Source records:
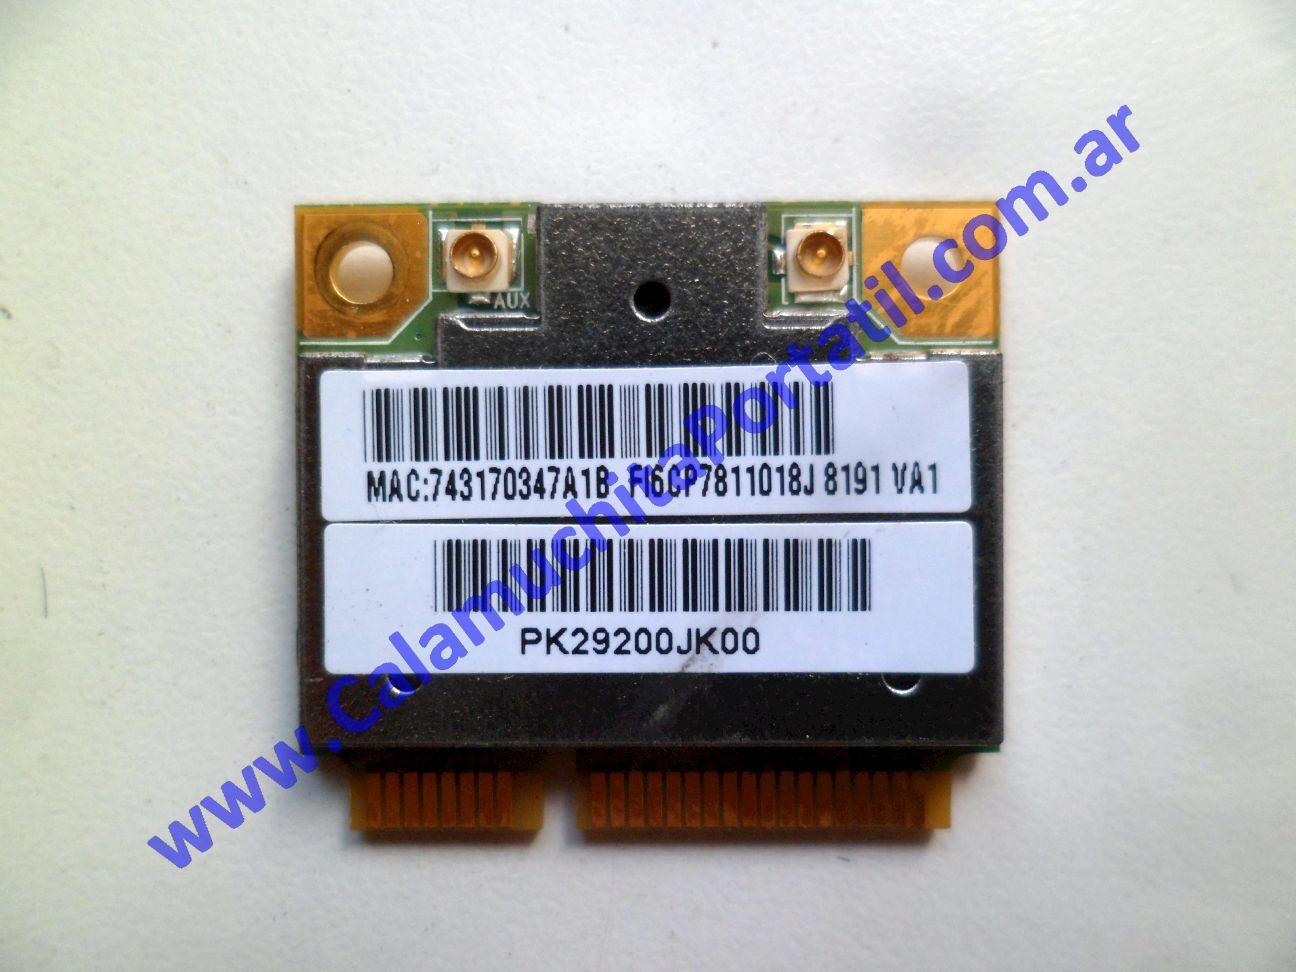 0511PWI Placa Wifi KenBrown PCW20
--
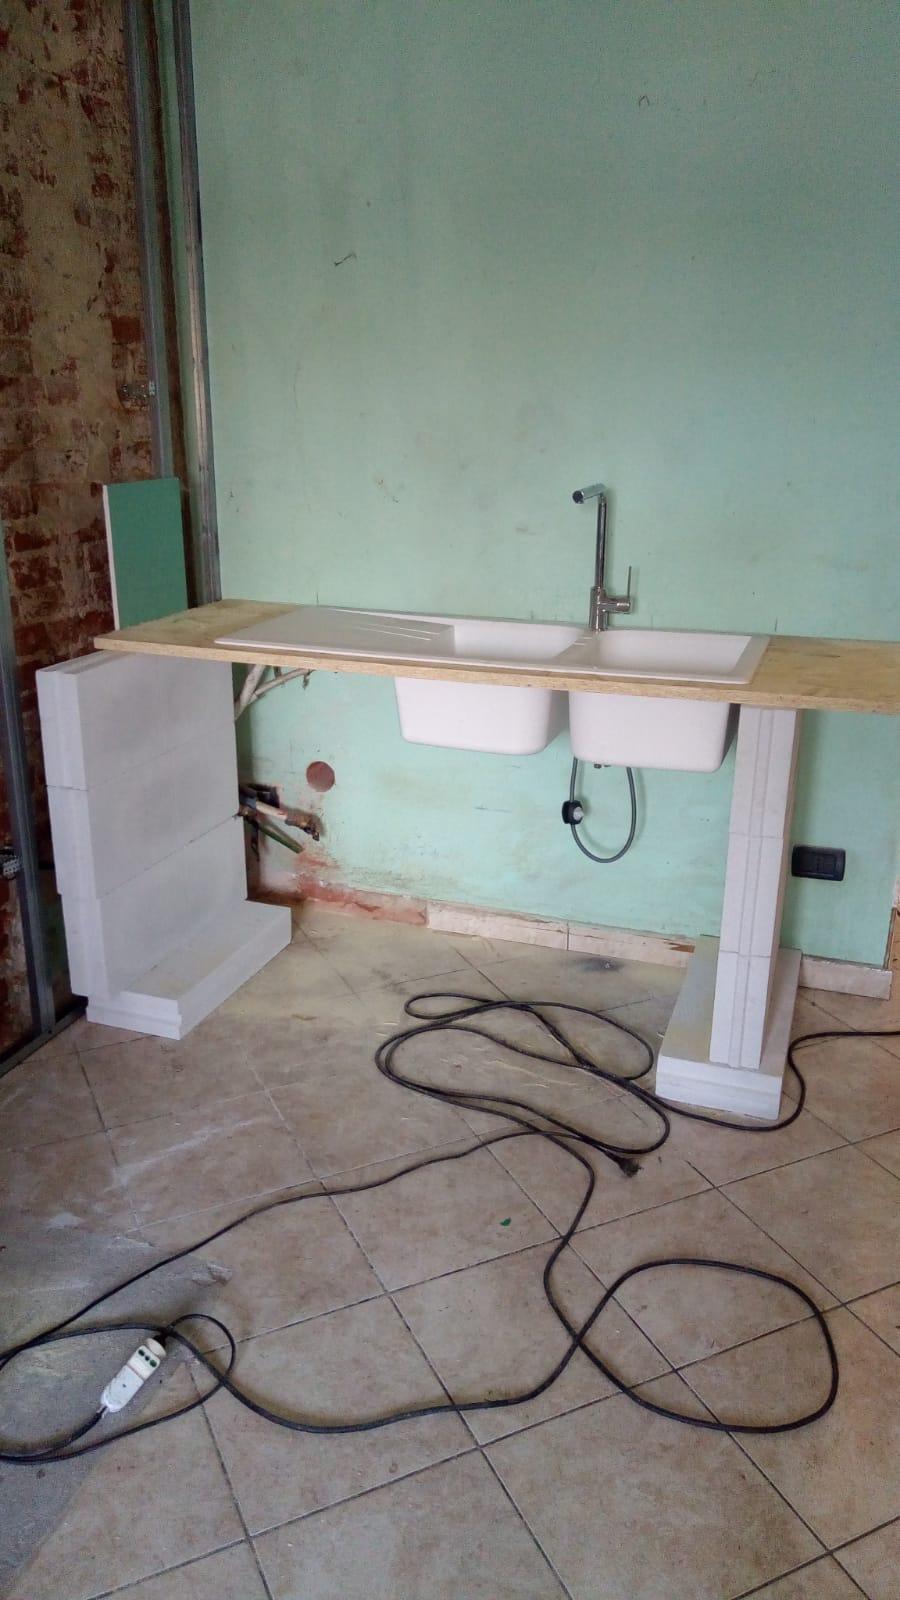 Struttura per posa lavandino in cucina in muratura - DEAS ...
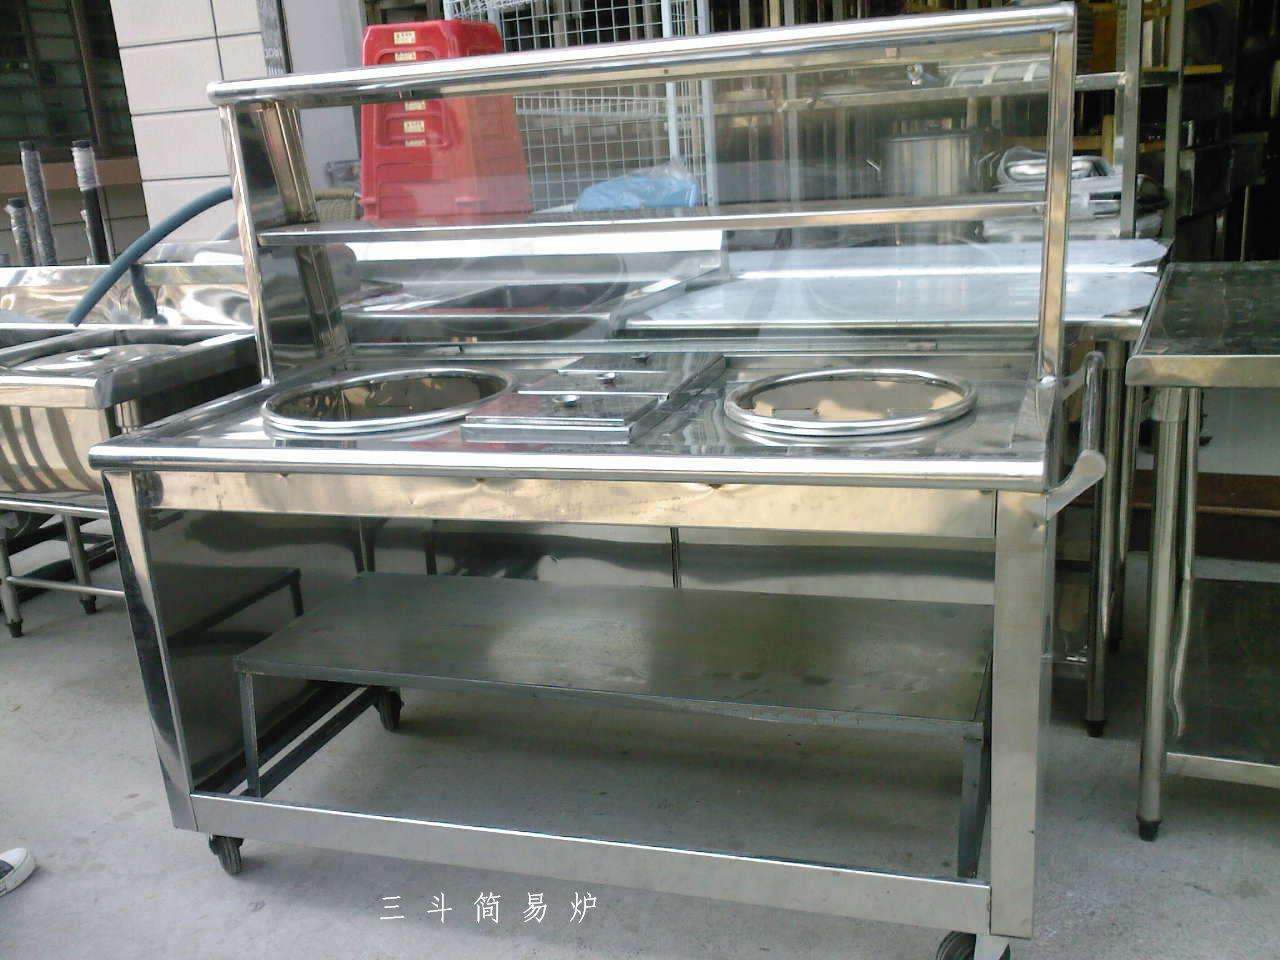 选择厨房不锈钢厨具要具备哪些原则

Exercise directions: Line for line, output the entries above from the line with "Struttura per posa" to the line with "选择厨房不锈钢厨具要具备哪些原则", both included, and nothing more. Skip pictures.

The answer:
 Struttura per posa lavandino in cucina in muratura - DEAS ...
 选择厨房不锈钢厨具要具备哪些原则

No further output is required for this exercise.